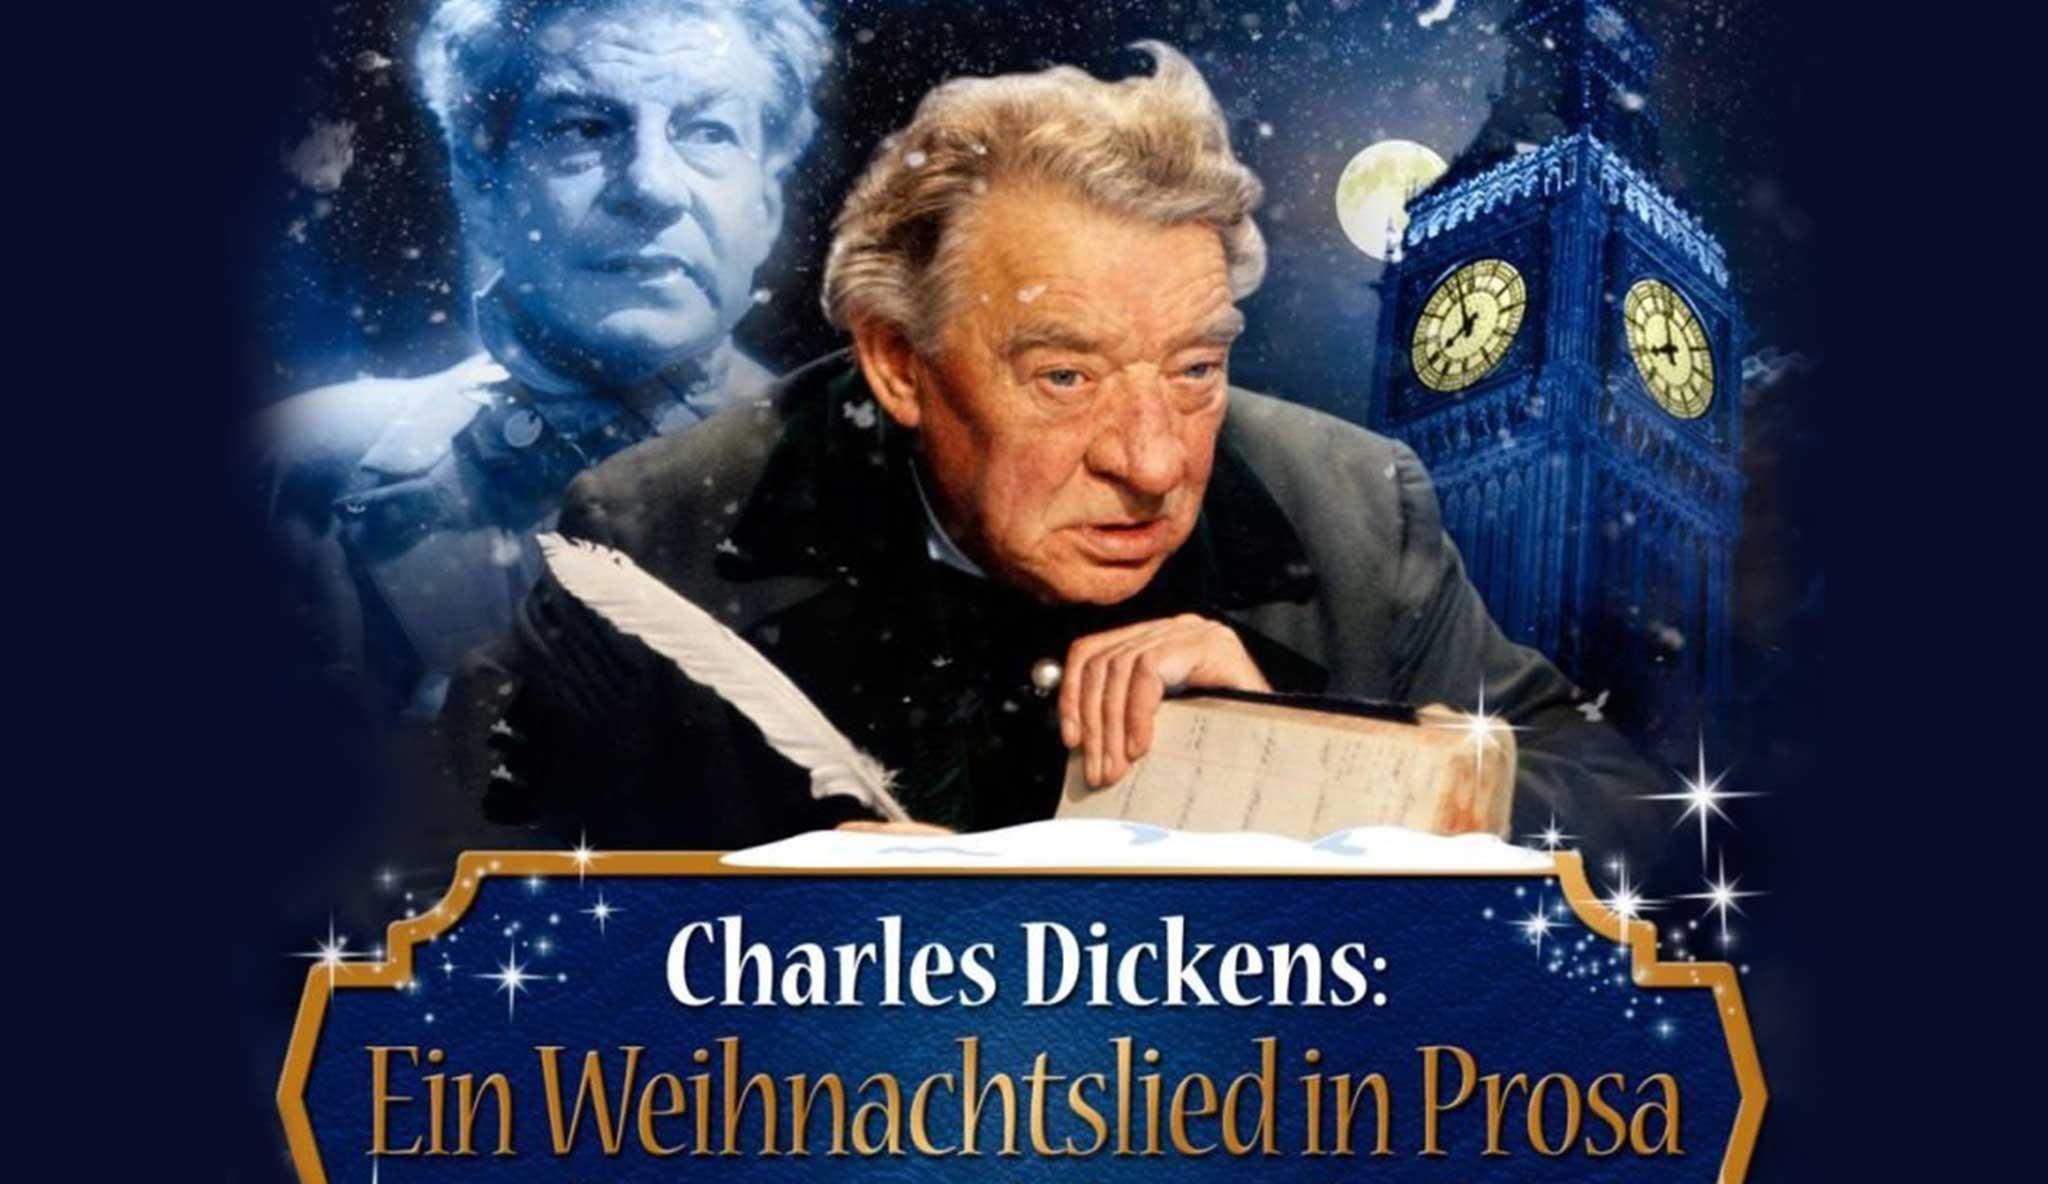 charles-dickens-ein-weihnachtslied-in-prosa-oder-eine-geistergeschichte-zum-christfest\header.jpg
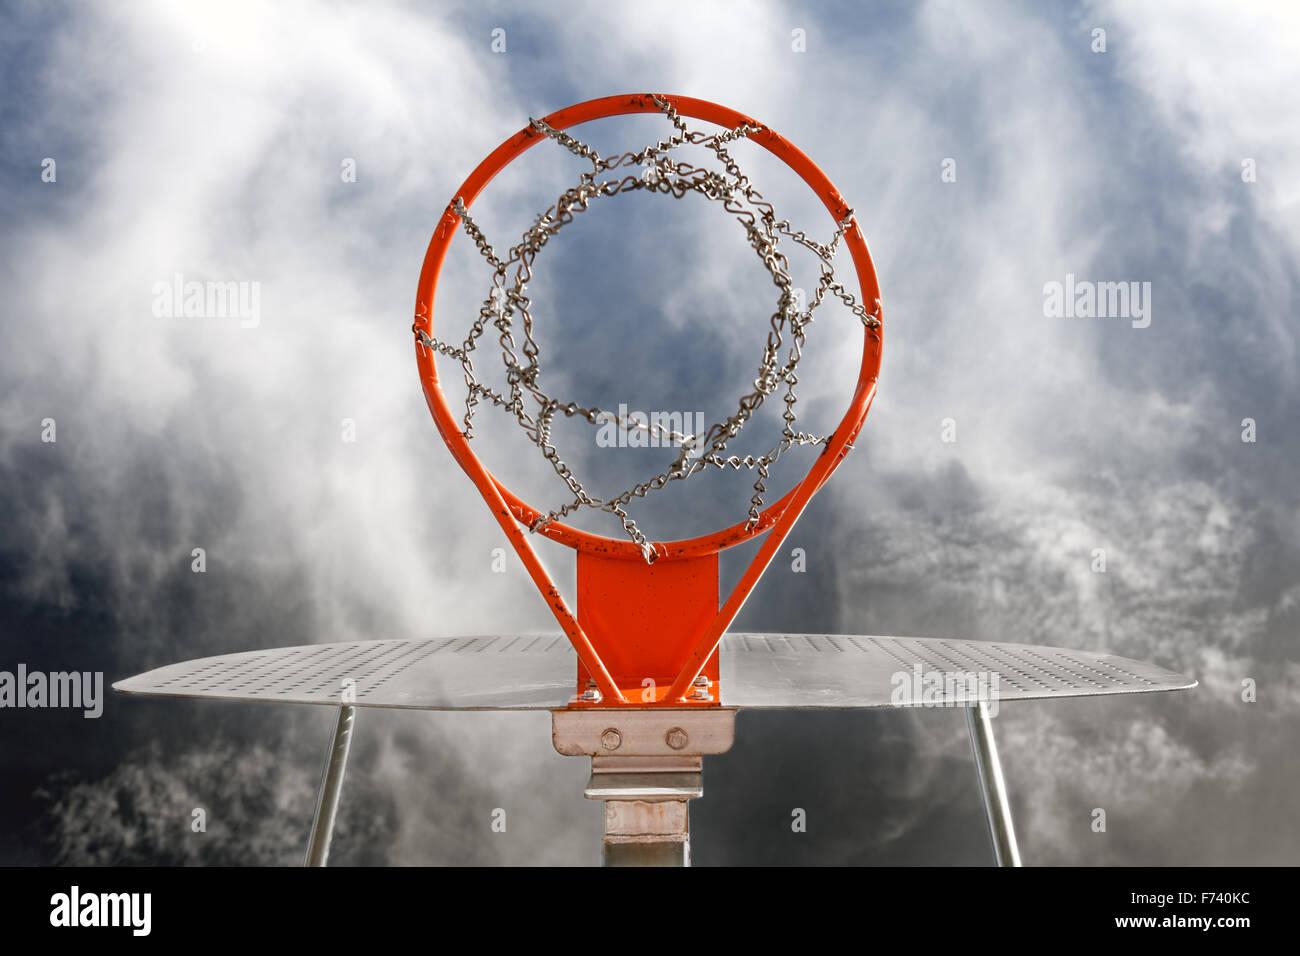 Imagen abstracta del baloncesto gol contra el cielo Imagen De Stock
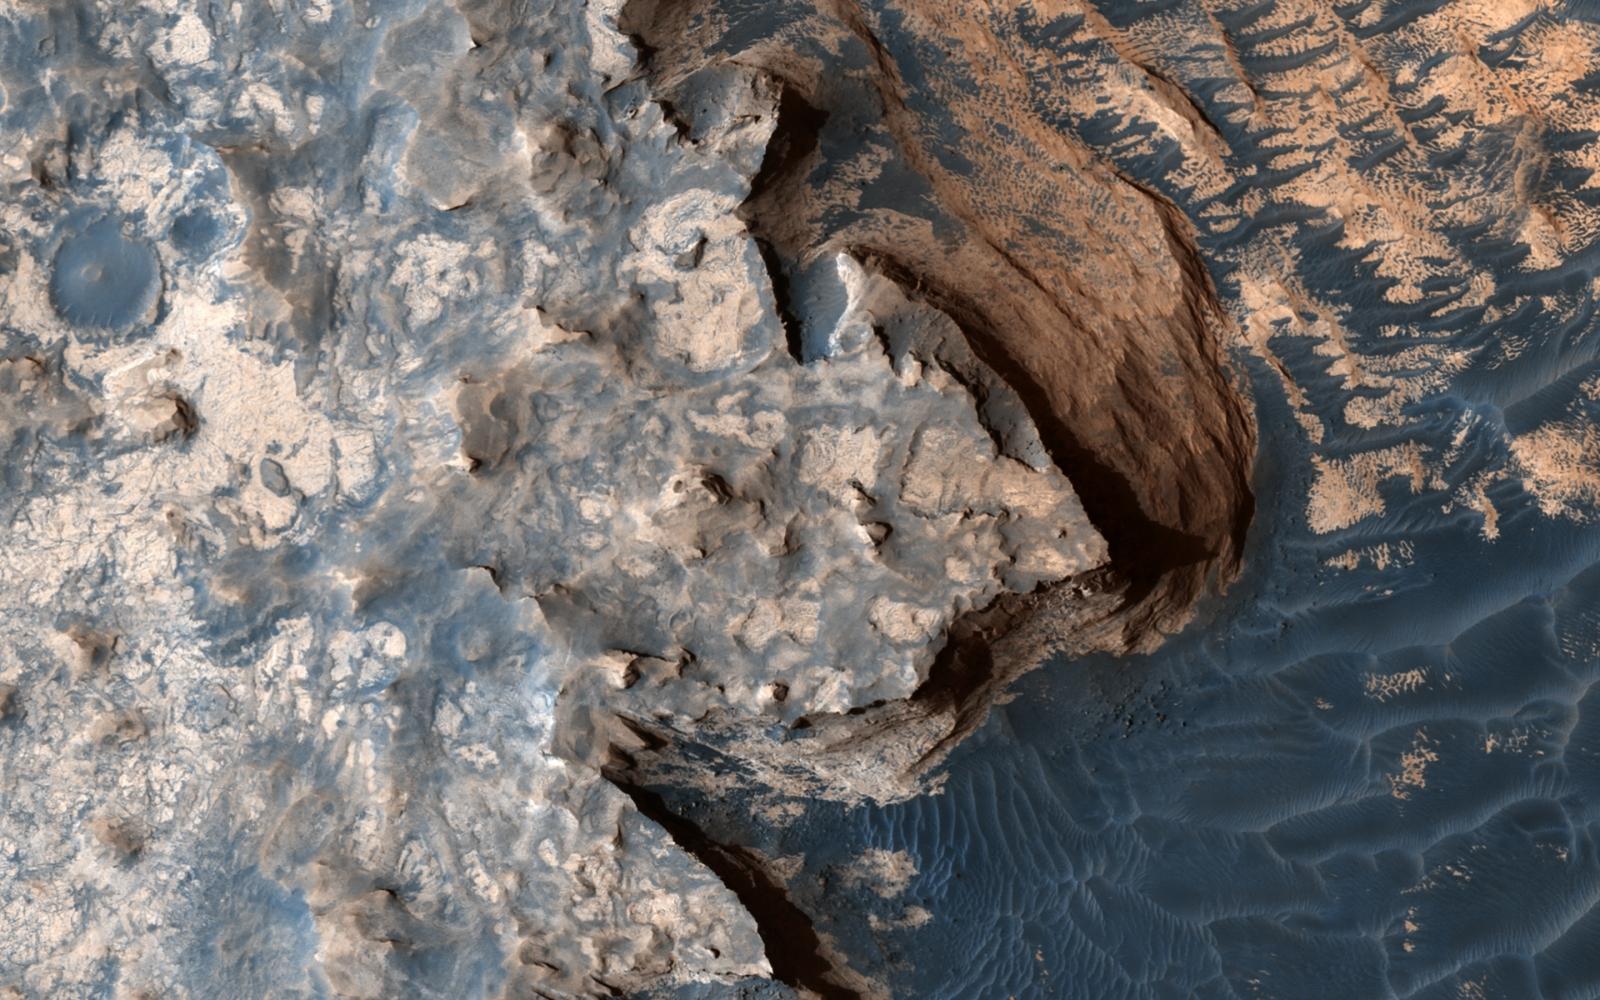 Martian dunes

What you should do -> Give back the full data exactly as it reads, but drop the pictures.

Result ->
 charles-dickens-ein-weihnachtslied-in-prosa-oder-eine-geistergeschichte-zum-christfest\header.jpg
 Imagen abstracta del baloncesto gol contra el cielo Imagen De Stock
 Martian dunes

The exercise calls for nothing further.